_Given material_:
•••
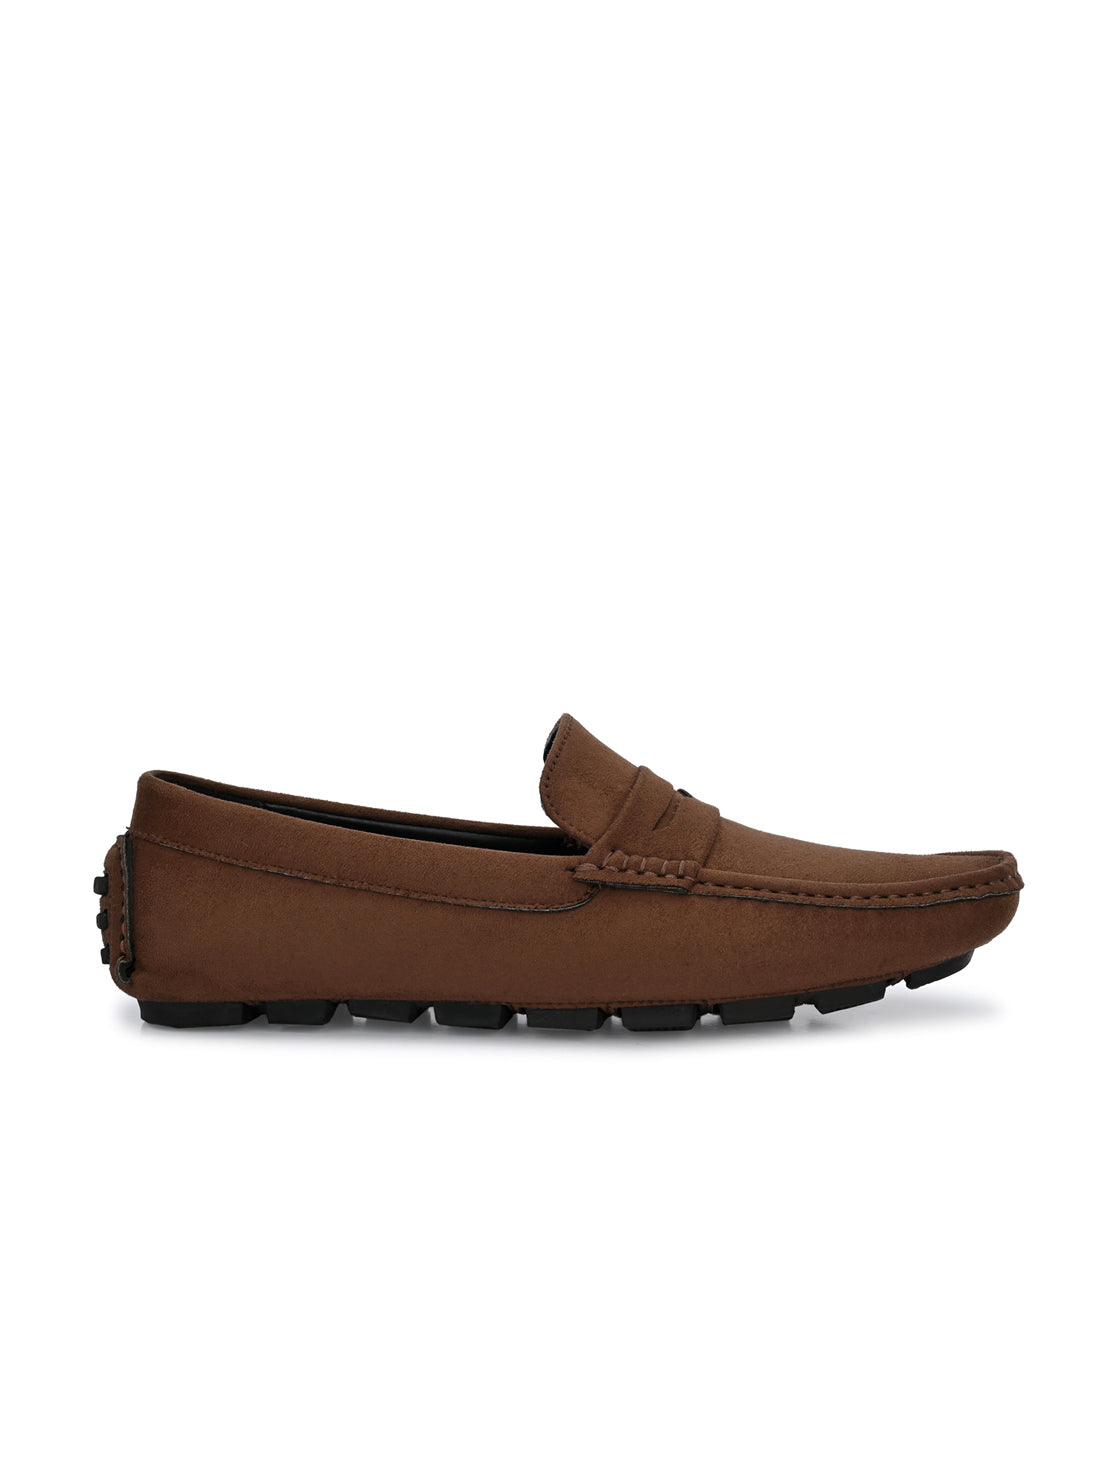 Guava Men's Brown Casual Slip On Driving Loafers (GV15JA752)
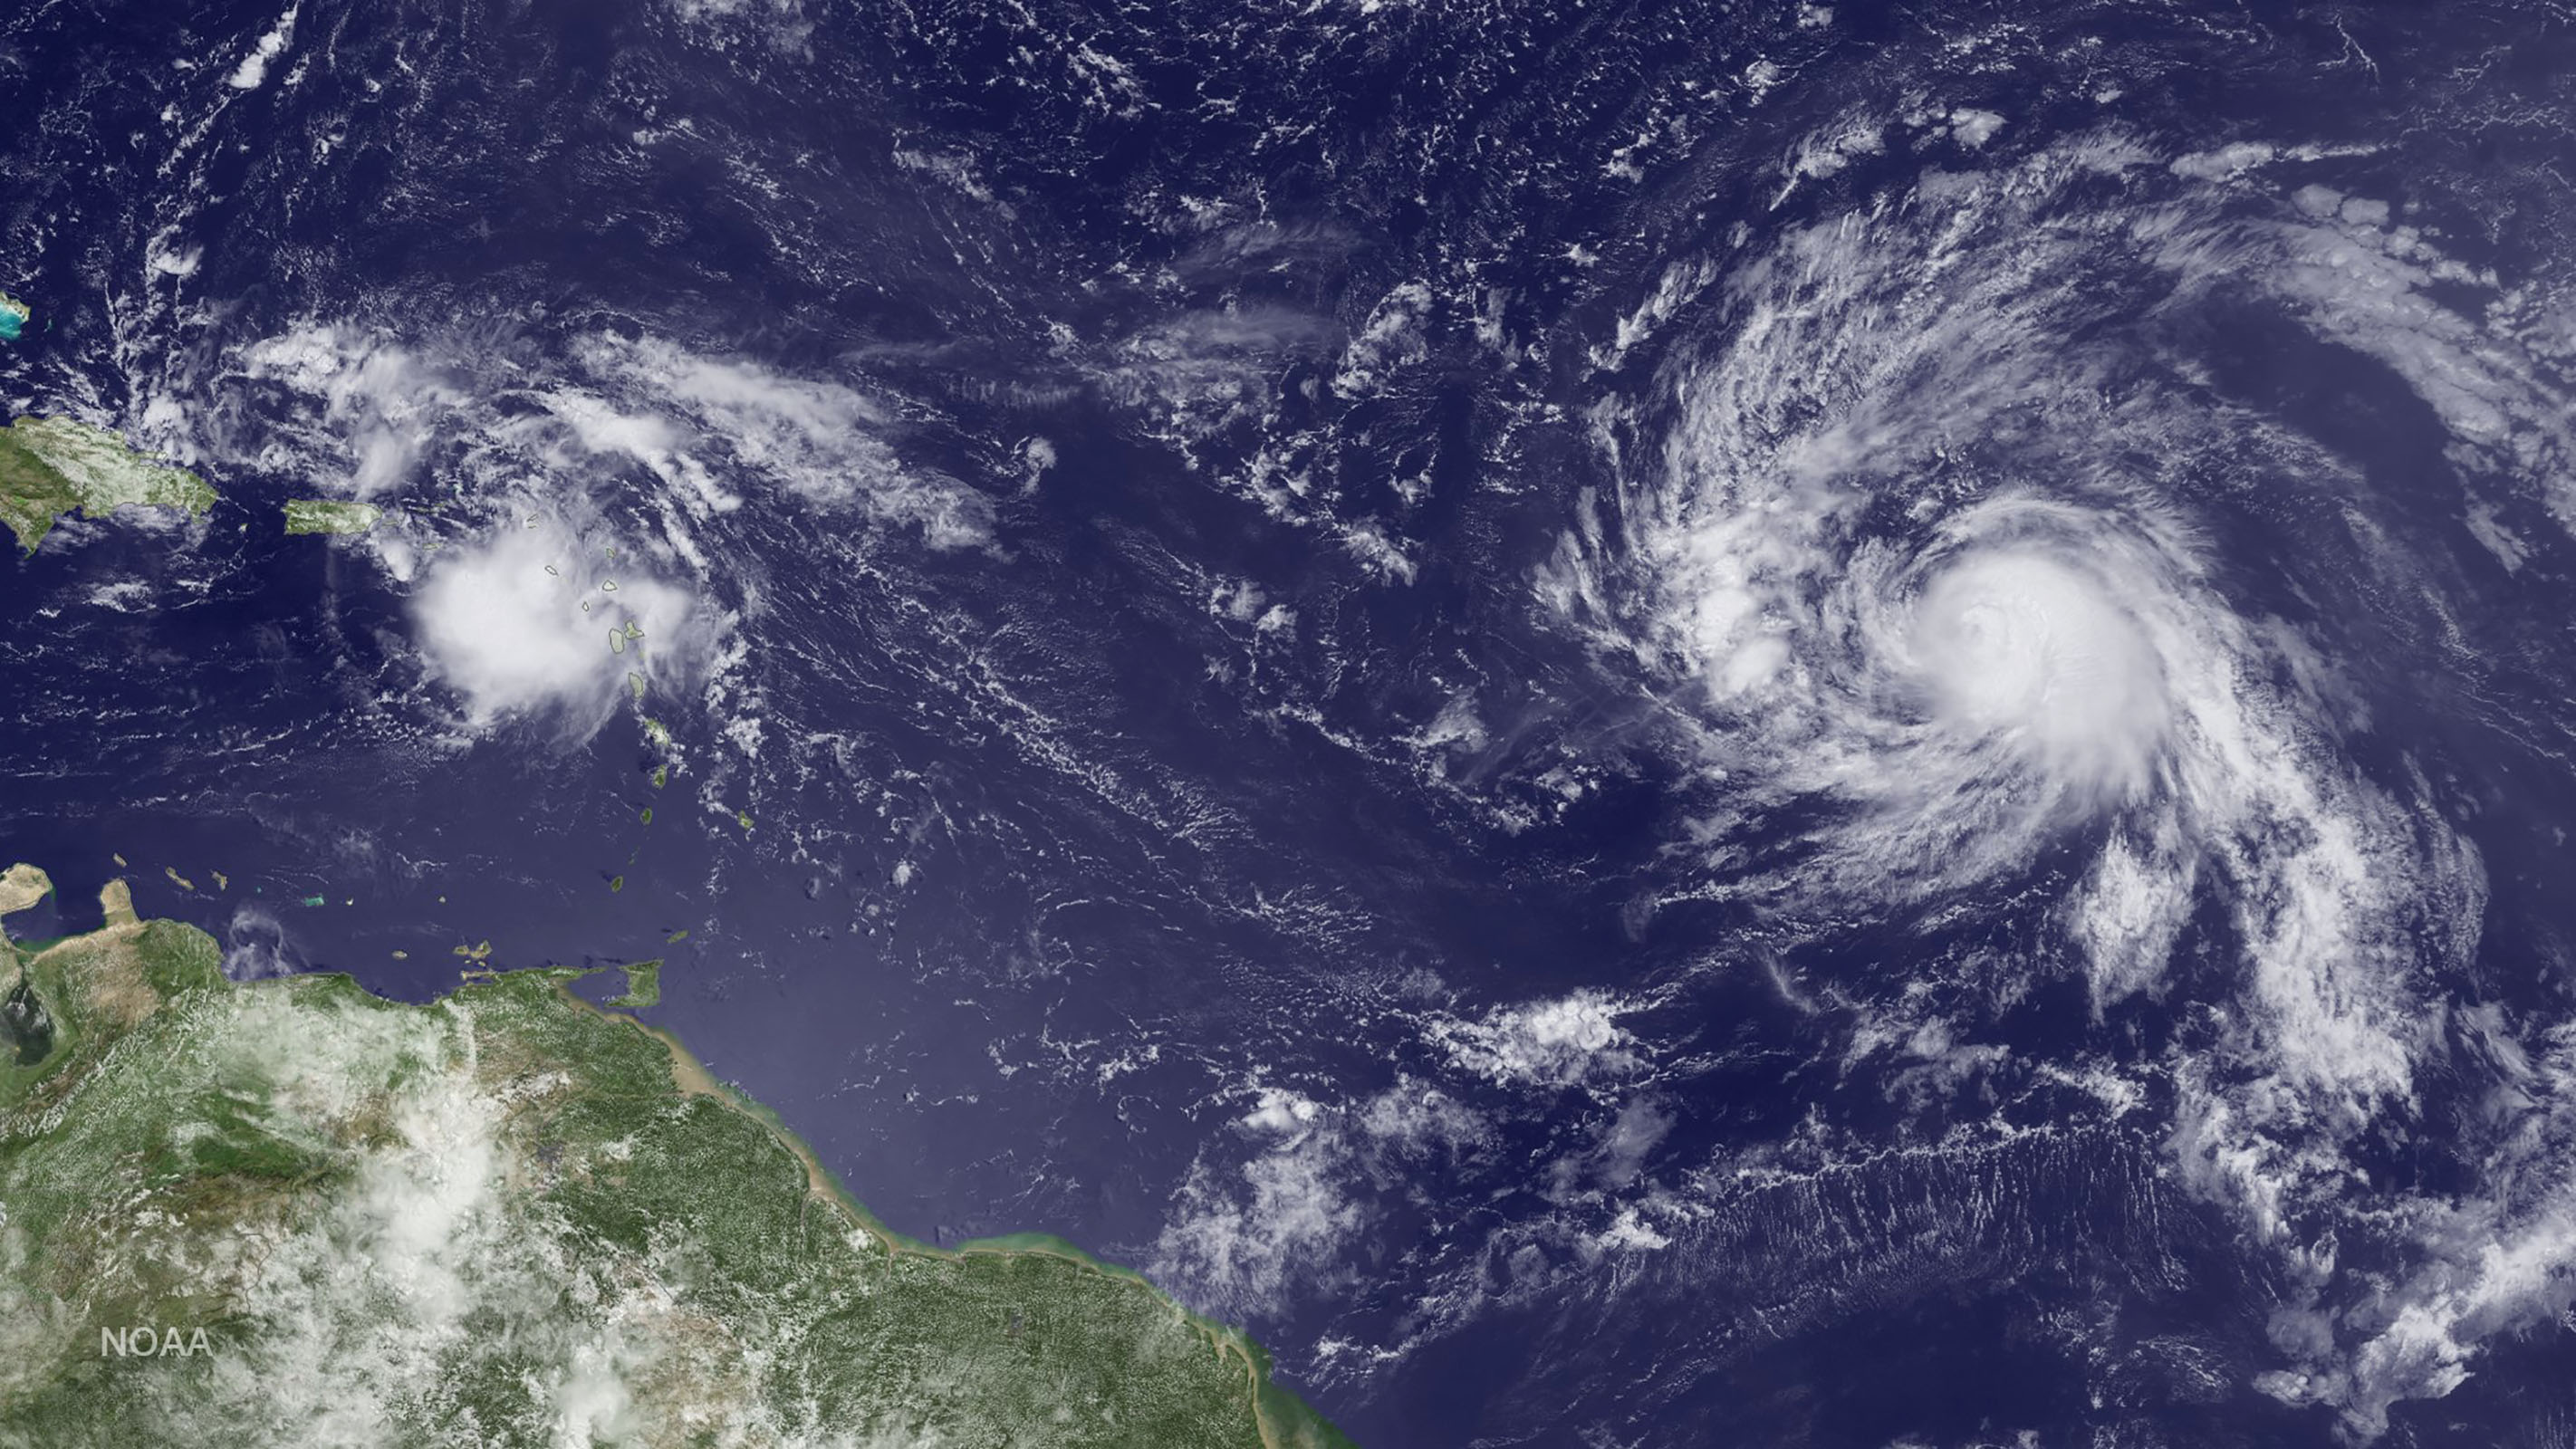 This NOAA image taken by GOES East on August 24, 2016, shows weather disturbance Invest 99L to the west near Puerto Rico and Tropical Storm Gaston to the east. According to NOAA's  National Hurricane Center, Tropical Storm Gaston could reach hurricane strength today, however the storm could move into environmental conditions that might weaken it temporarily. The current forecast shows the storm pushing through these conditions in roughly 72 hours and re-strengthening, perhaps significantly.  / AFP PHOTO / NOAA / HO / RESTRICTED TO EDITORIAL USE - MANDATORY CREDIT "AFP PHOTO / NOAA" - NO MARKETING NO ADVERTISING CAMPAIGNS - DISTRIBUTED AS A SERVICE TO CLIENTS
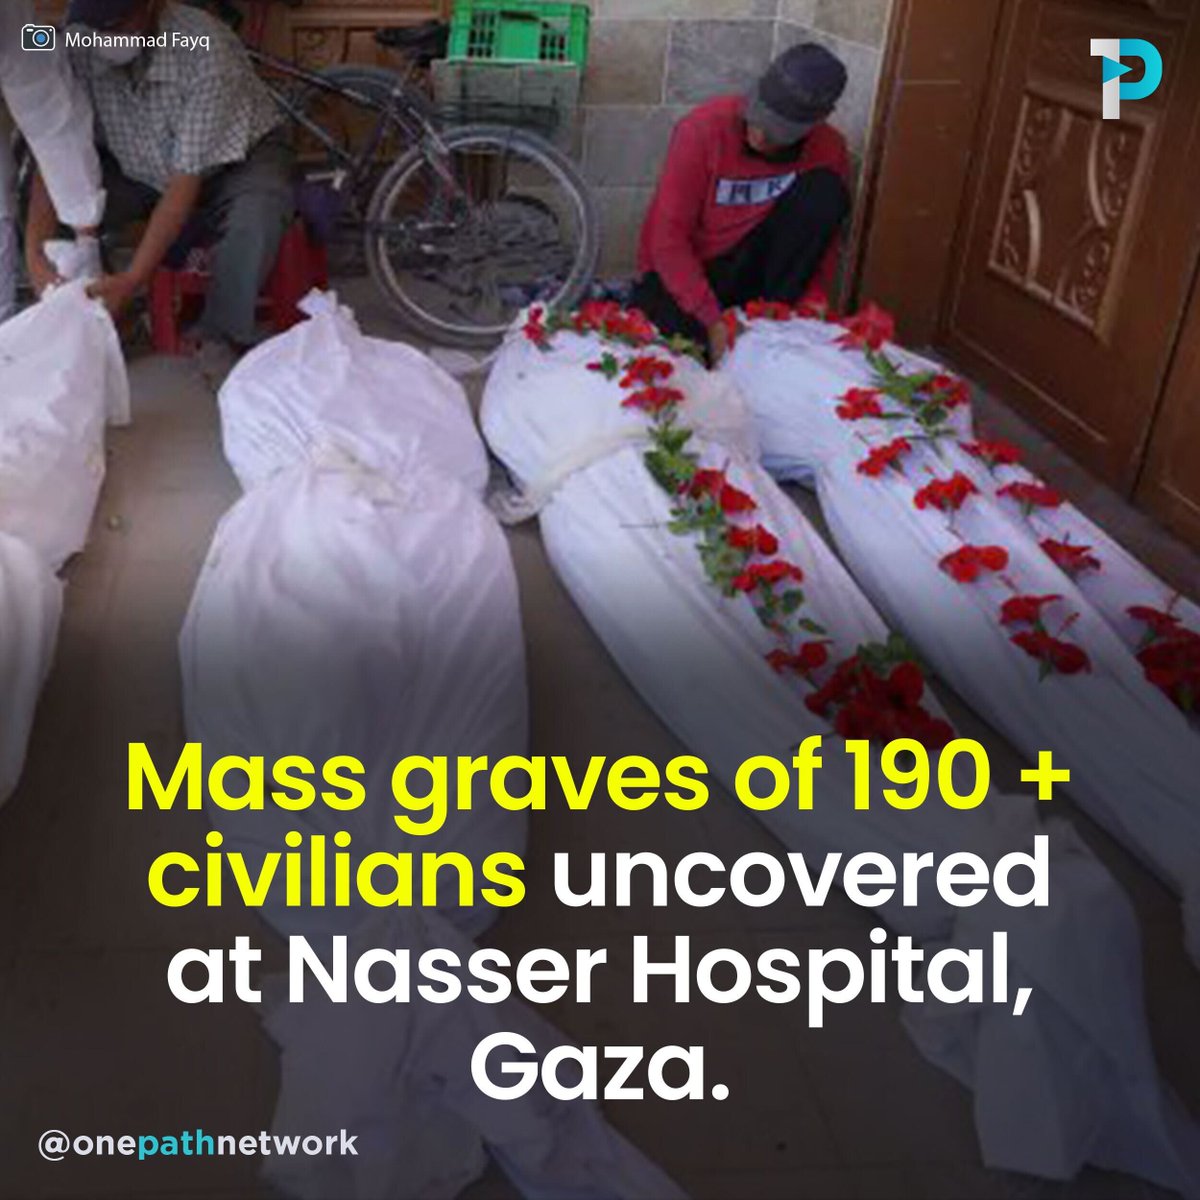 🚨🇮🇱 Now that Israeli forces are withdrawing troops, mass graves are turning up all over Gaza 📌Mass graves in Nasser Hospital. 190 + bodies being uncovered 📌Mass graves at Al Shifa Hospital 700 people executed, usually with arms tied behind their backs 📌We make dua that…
•••
Without the pictures, retype the whole of the material above exactly.

 Guava Men's Brown Casual Slip On Driving Loafers (GV15JA752)
 This NOAA image taken by GOES East on August 24, 2016, shows weather disturbance Invest 99L to the west near Puerto Rico and Tropical Storm Gaston to the east. According to NOAA's  National Hurricane Center, Tropical Storm Gaston could reach hurricane strength today, however the storm could move into environmental conditions that might weaken it temporarily. The current forecast shows the storm pushing through these conditions in roughly 72 hours and re-strengthening, perhaps significantly.  / AFP PHOTO / NOAA / HO / RESTRICTED TO EDITORIAL USE - MANDATORY CREDIT "AFP PHOTO / NOAA" - NO MARKETING NO ADVERTISING CAMPAIGNS - DISTRIBUTED AS A SERVICE TO CLIENTS
 🚨🇮🇱 Now that Israeli forces are withdrawing troops, mass graves are turning up all over Gaza 📌Mass graves in Nasser Hospital. 190 + bodies being uncovered 📌Mass graves at Al Shifa Hospital 700 people executed, usually with arms tied behind their backs 📌We make dua that…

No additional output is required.